Medicinal plants are nature’s gift that remains unexplored. The active component present in herbal medicine may serve as the basis for preparing synthetic drugs [Citation22]. Plants can synthesize chemical compounds involved in preventing or curing various diseases, including memory dysfunction and age-related disorders.
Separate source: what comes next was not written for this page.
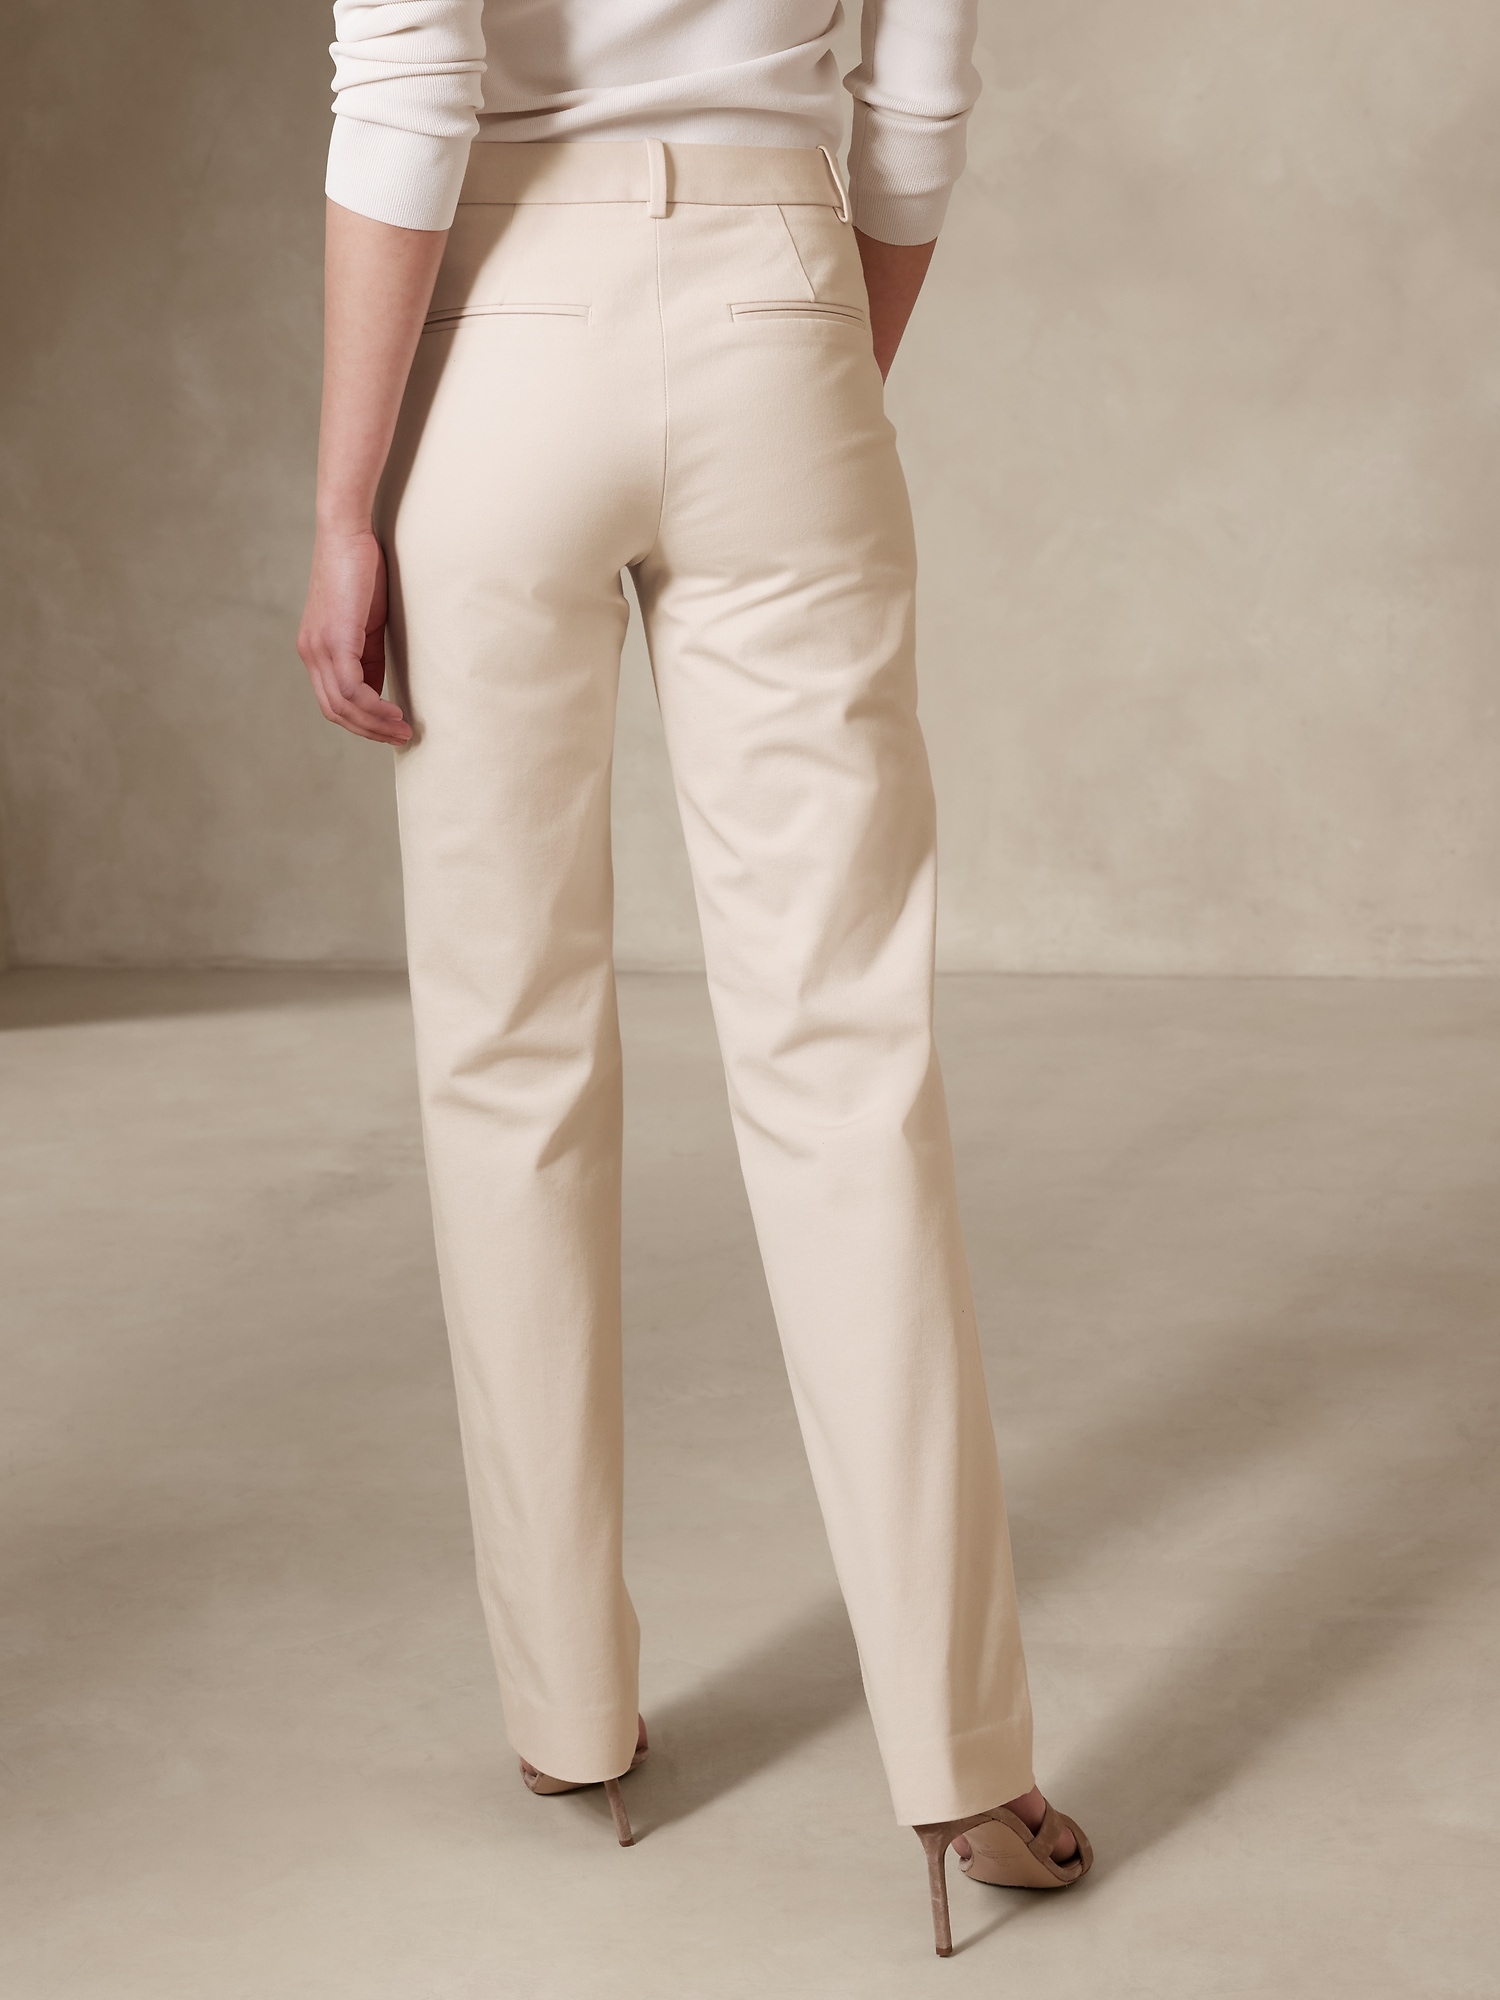 How To Wear The Sloan Pant From Banana Republic - My Style Pill
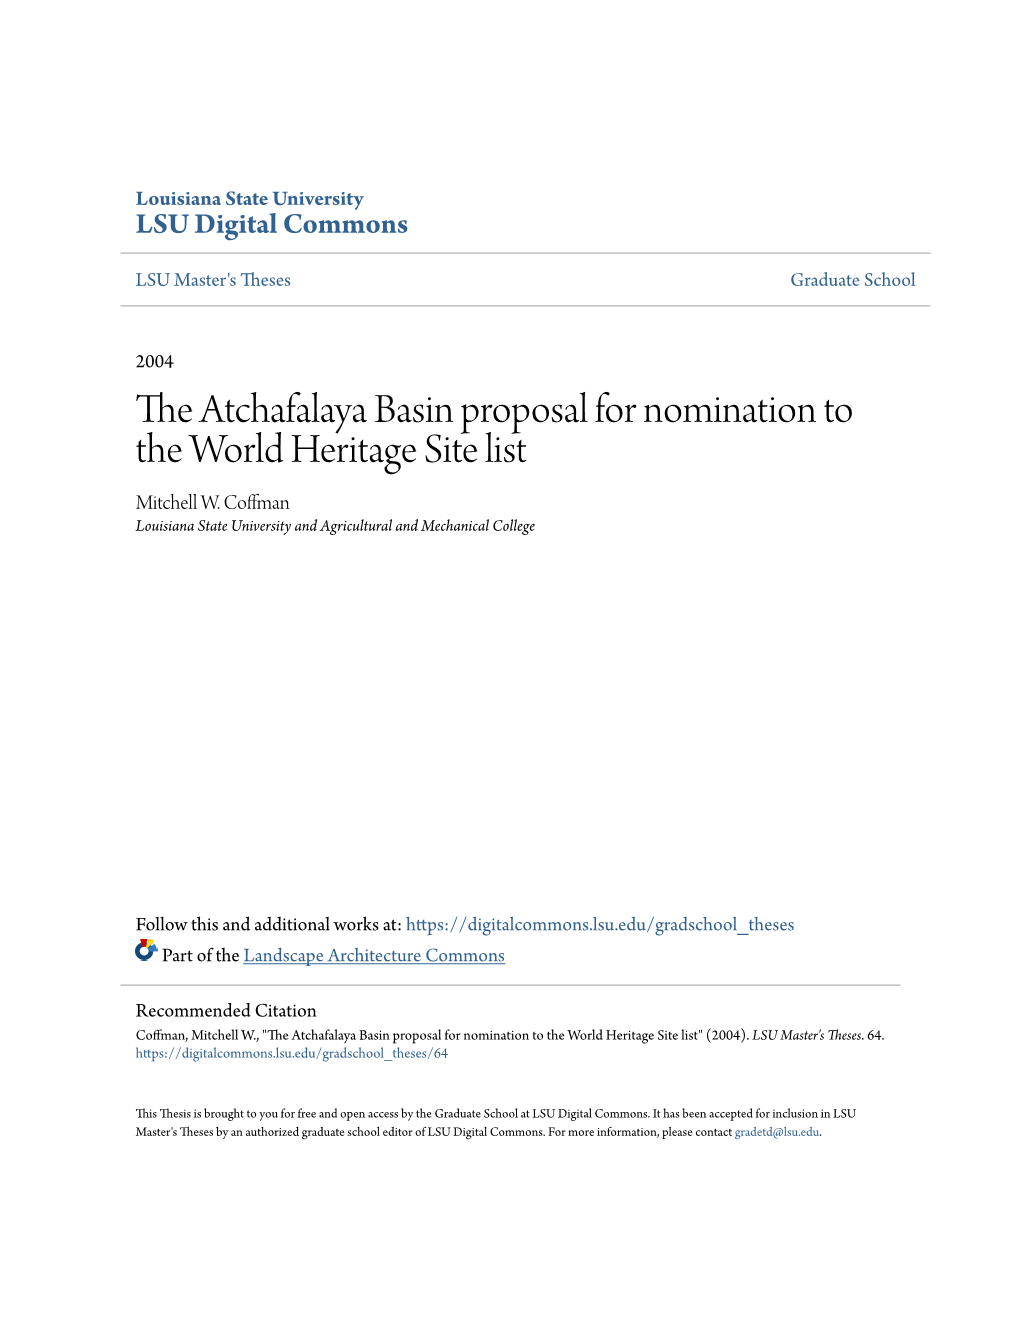 The Atchafalaya Basin Proposal for Nomination to the World Heritage Site List Mitchell W

In modern medicine, plants occupy a very significant place as a source of raw material for synthetic drugs [Citation23]

Cholinesterase inhibitors

The important etiological factor in the pathogenesis of memory deficit in AD is the impairment in cholinergic transmission [Citation24]. The inhibition of AChE increases the levels of acetylcholine in the brain and thus improves the cholinergic functions in AD patients Citation25. Hence, cholinesterase inhibitors are currently used as standard drugs for treating AD. Tacrine was the first AChE inhibitor drug approved for AD treatment [Citation26]. Later, many other AChE inhibitors such as rivastigmine, galantamine, and donepezil were also developed and approved by the FDA. These drugs alleviate the symptoms but are associated with side effects when used for an extended period [Citation27]. As AD has reached a state of public health burden, the ever-increasing reports of side effects from these synthetic and hybrid drugs have driven the research for a novel and safe AchE inhibitors from plant sources.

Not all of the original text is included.